In the exemplified embodiment, fluid coupling between the applicator 150 and the store of oral care material 103 is achieved via a delivery member 170 formed of a second capillary material that is disposed within the oral care implement 100 and extends from the reservoir 102 to the applicator 150. Specifically, the delivery member 170 has a first end portion 171 that is in contact with (or positioned within) the store of oral care material 103 and a second end portion 172 that is in surface contact with the applicator 150, and more specifically with the anchor portion 151 of the applicator 150. More specifically, in the exemplified embodiment the second end portion 172 of the delivery member 170 is exposed through an opening 189 formed into the sidewall 167 of the lower chamber 182 of the basin cavity 161. Thus, when the applicator 150 is positioned within the lower chamber 182 of the basin cavity 161 as discussed herein above with the side surface 156 of the anchor portion 151 of the applicator 150 in contact with the sidewall 167 of the lower chamber 182 of the basin cavity 161, the side surface 156 of the anchor portion 151 of the applicator 150 is also in surface contact with the second end portion 172 of the delivery member 170. This enables fluid to flow from the delivery member 170 through the second end portion 172 and into the applicator 150.

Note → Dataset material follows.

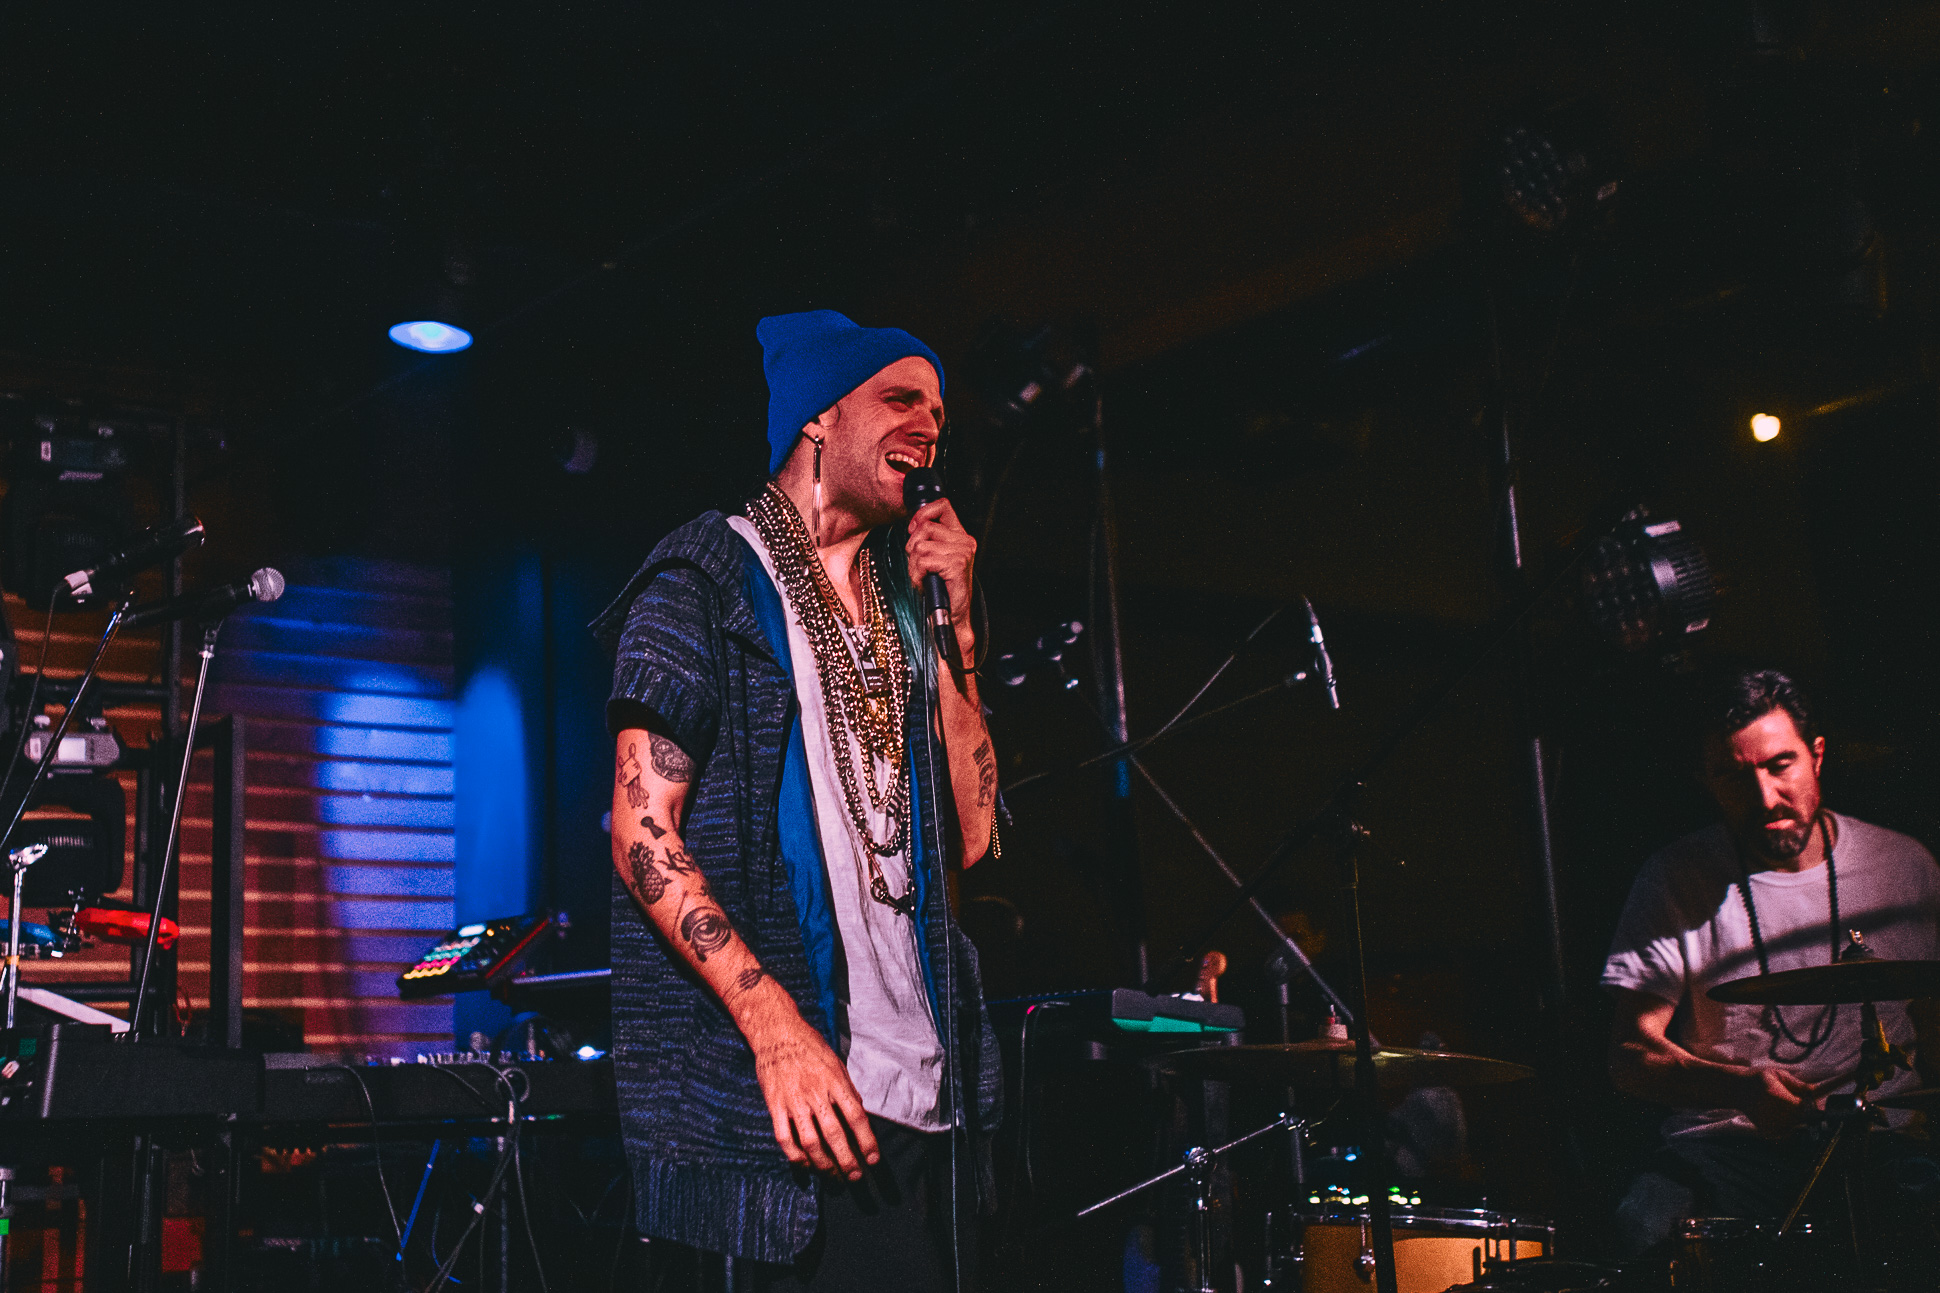 YoungAndSick-FortuneSoundClub-24-01-2019-Vancouver-03.jpg
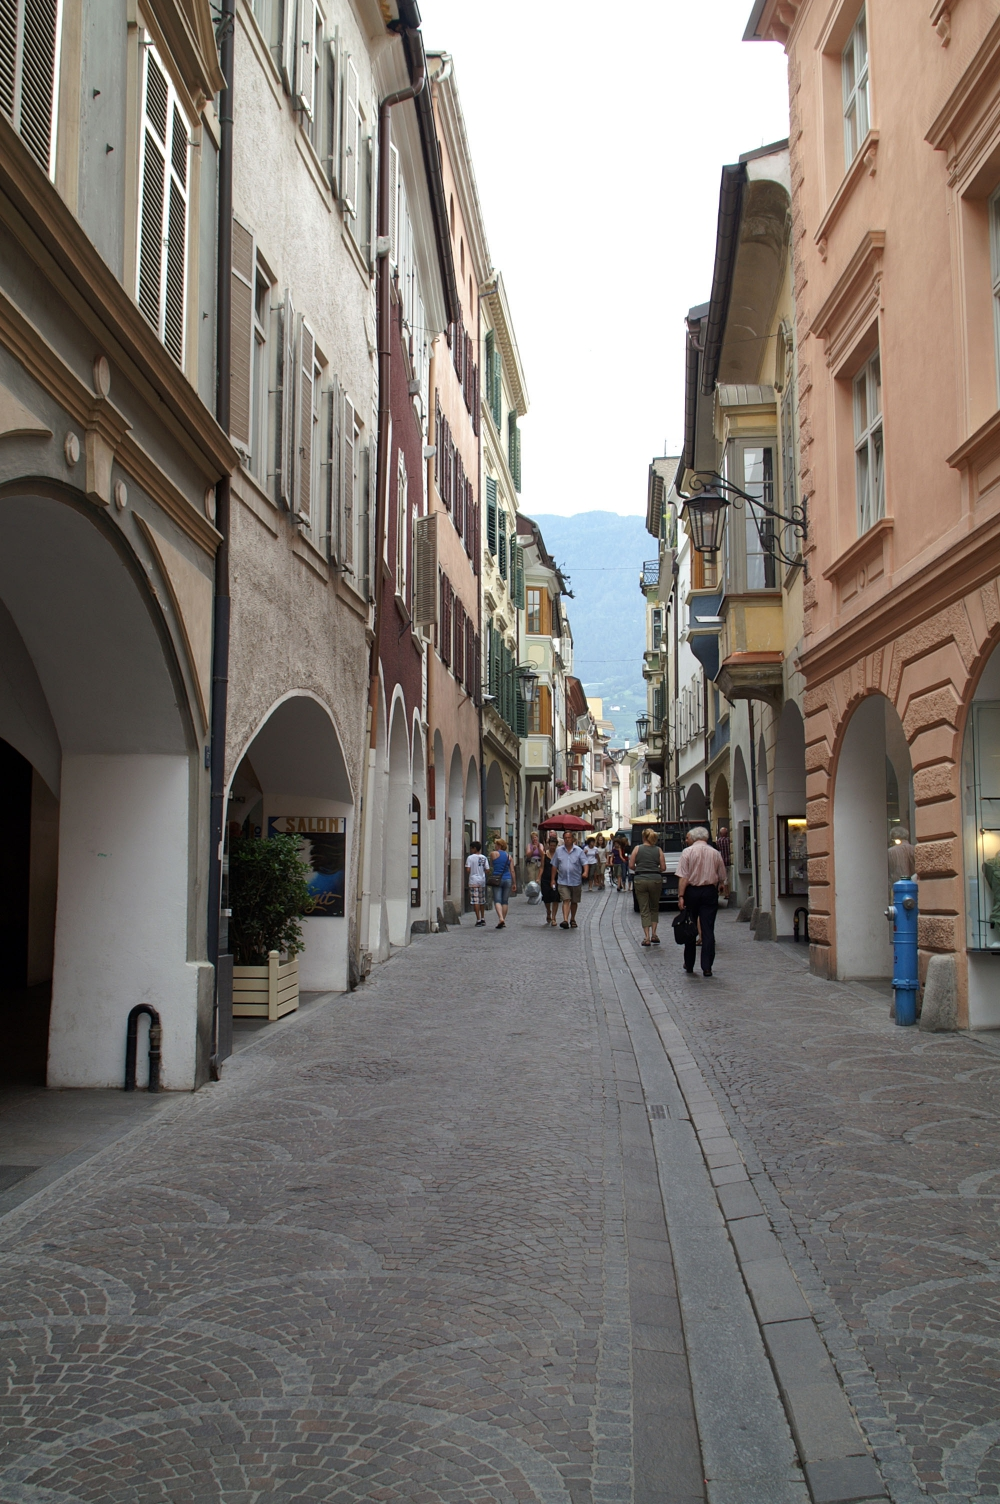 Offerta vacanza Vacanza breve - Sleep and Shop a Merano

In the exemplified embodiment, the first end portion 171 of the delivery member 170 terminates at a position only slightly within the reservoir 102. However, the invention is not to be so limited and the delivery member 170 may have a greater length so that the first end portion 171 of the delivery member 170 is positioned at a greater depth within the reservoir 102 closer to the proximal end 111 of the handle 110. Furthermore, in certain embodiments the delivery member 170 may be omitted and passive, mechanical, and/or electrical pump systems may be used to force the flow of the oral care material 103 from the reservoir 102 to the applicator 150 for application to a user's oral cavity.
Due to the delivery member 170 being formed of a second capillary material and being in direct contact with the oral care material in the store 103, the delivery member 170 transports the oral care material from the store 103 to the applicator 150. Specifically, the oral care material in the store 103 flows up the delivery member 170 from the first end 171 to the second end 172. The oral care material then flows from the second end 172 of the delivery member 170 and into the applicator 150, and more specifically into the anchor portion 151 of the applicator 150, due to the surface contact between the second end 172 of the delivery member 170 and the anchor portion 151 of the applicator 150. Finally, the oral care material flows from the anchor portion 151 of the applicator 150 into the delivery portion 152 of the applicator 150 and eventually to the second portion 158 of the delivery portion 152 of the applicator 150 that is exposed at the rear surface 123 of the head 120 for application/dispensing onto a user's oral surfaces. As a result, during use of the oral care implement 100 to brush a user's teeth with the tooth cleaning elements 115, the applicator 150 will contact a user's oral tissue surfaces and tongue and the oral care material 103 contained within the applicator 150 will be delivered onto the user's oral tissue surfaces and tongue due to such contact.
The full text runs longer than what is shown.